Correlation of the percentage of KD4i deleterious predictions with the allele frequencies of NFS-indels found in the 1000 Genome Project

Correlation of the percentage of KD4i deleterious predictions with the allele frequencies of NFS-indels found in the 1000 Genome Project.

Case study: NFS-Indel in a kinesin protein

To illustrate the potential of the KD4i approach to infer new knowledge about individual variants, we have chosen a variant from the test set (fold 1), namely a deletion of an asparagine residue at position 526 (N526del) of the KIF5A protein.
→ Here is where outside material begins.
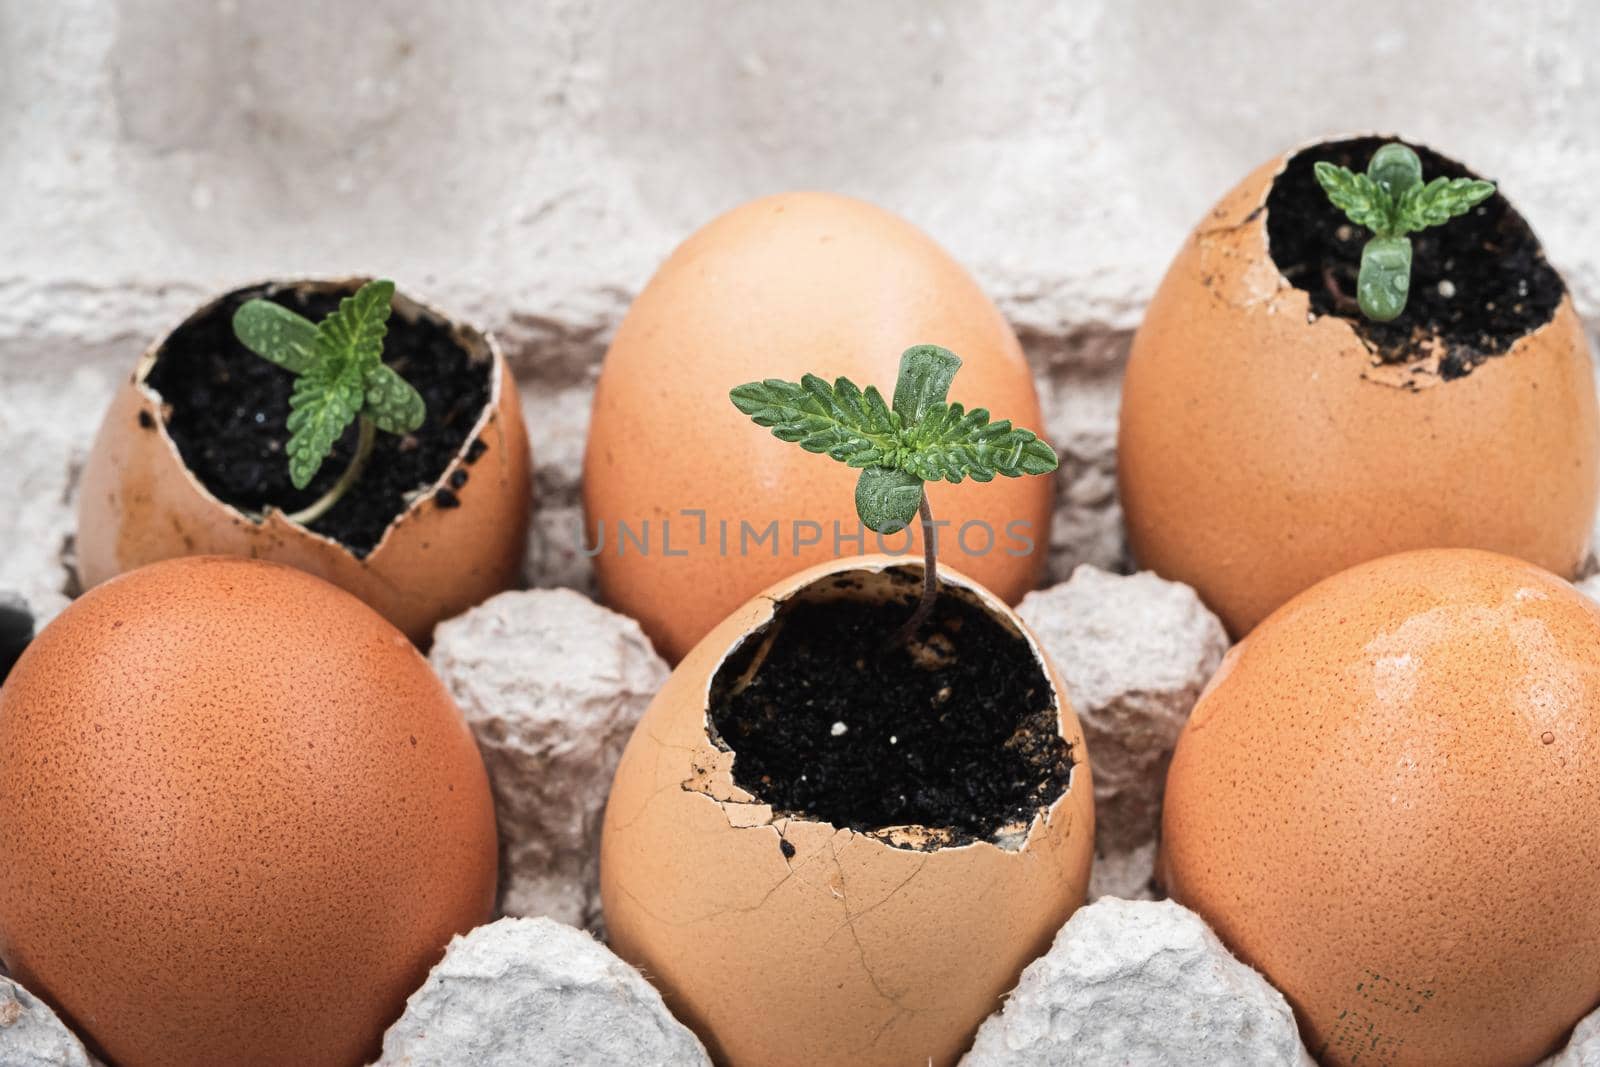 three sprouts of medical cannabis grows from an egg shell. against the background of three whole eggs. horizontal orientation.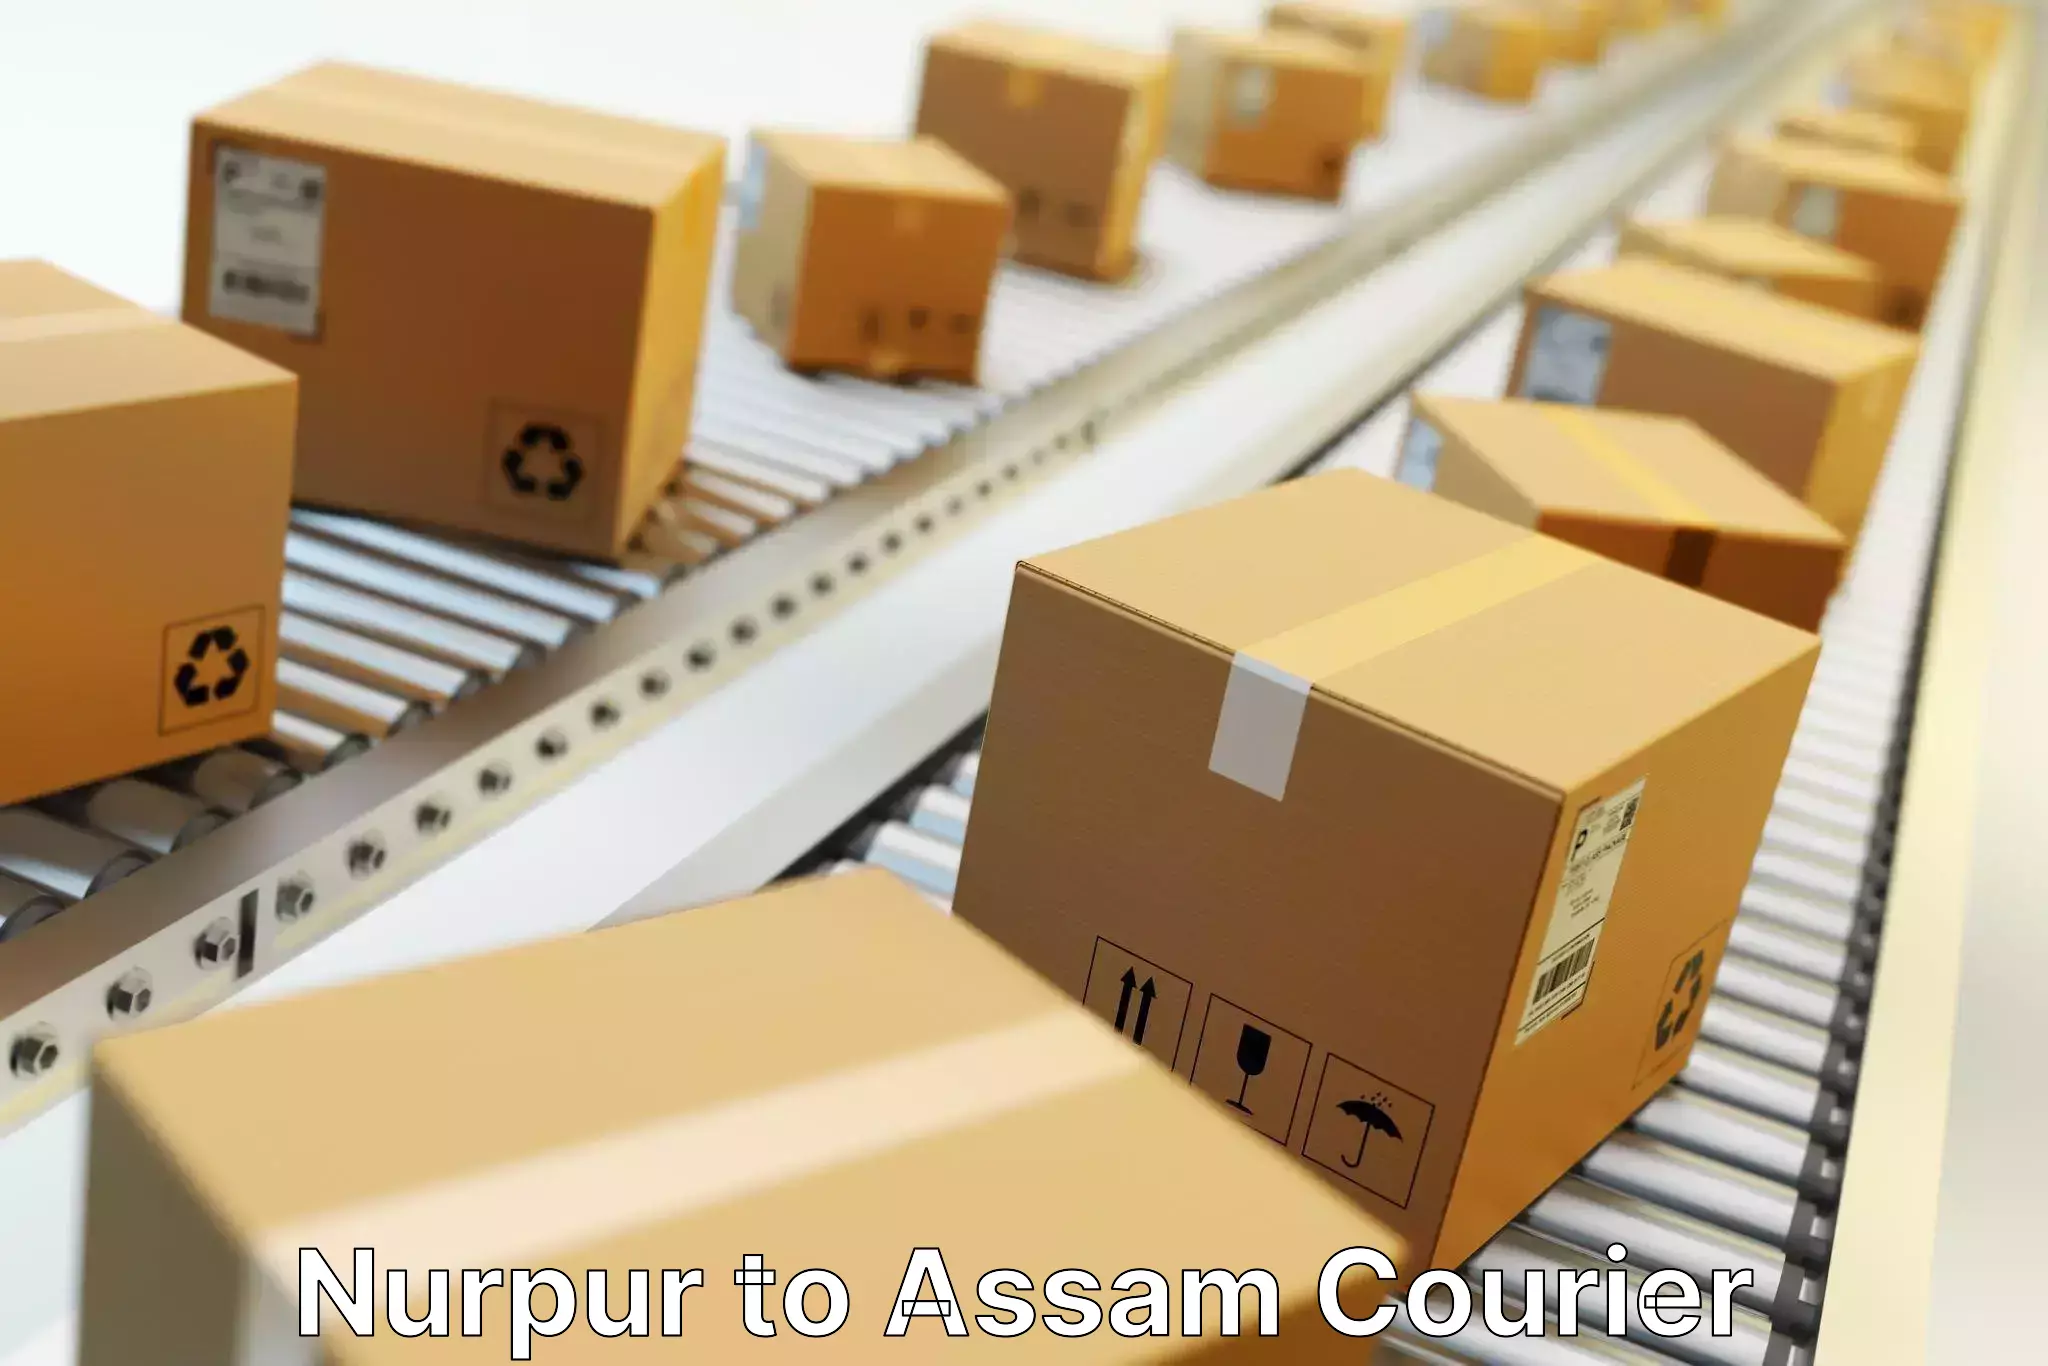 State-of-the-art courier technology Nurpur to Assam

KIF5A (UniProt ID: Q12840) belongs to the microtubule-associated protein family of kinesins, that serve as molecular motors to distribute intracellular cargo along microtubules. KIF5A is expressed exclusively in neurons, and has been recently linked to hereditary spastic paraplegias (HSPs), a genetically heterogeneous group of neurodegenerative disorders characterized by progressive lower-limb spasticity and weakness. The HSP pathology is characterized by axonal degeneration of motor and sensory neurons 50 .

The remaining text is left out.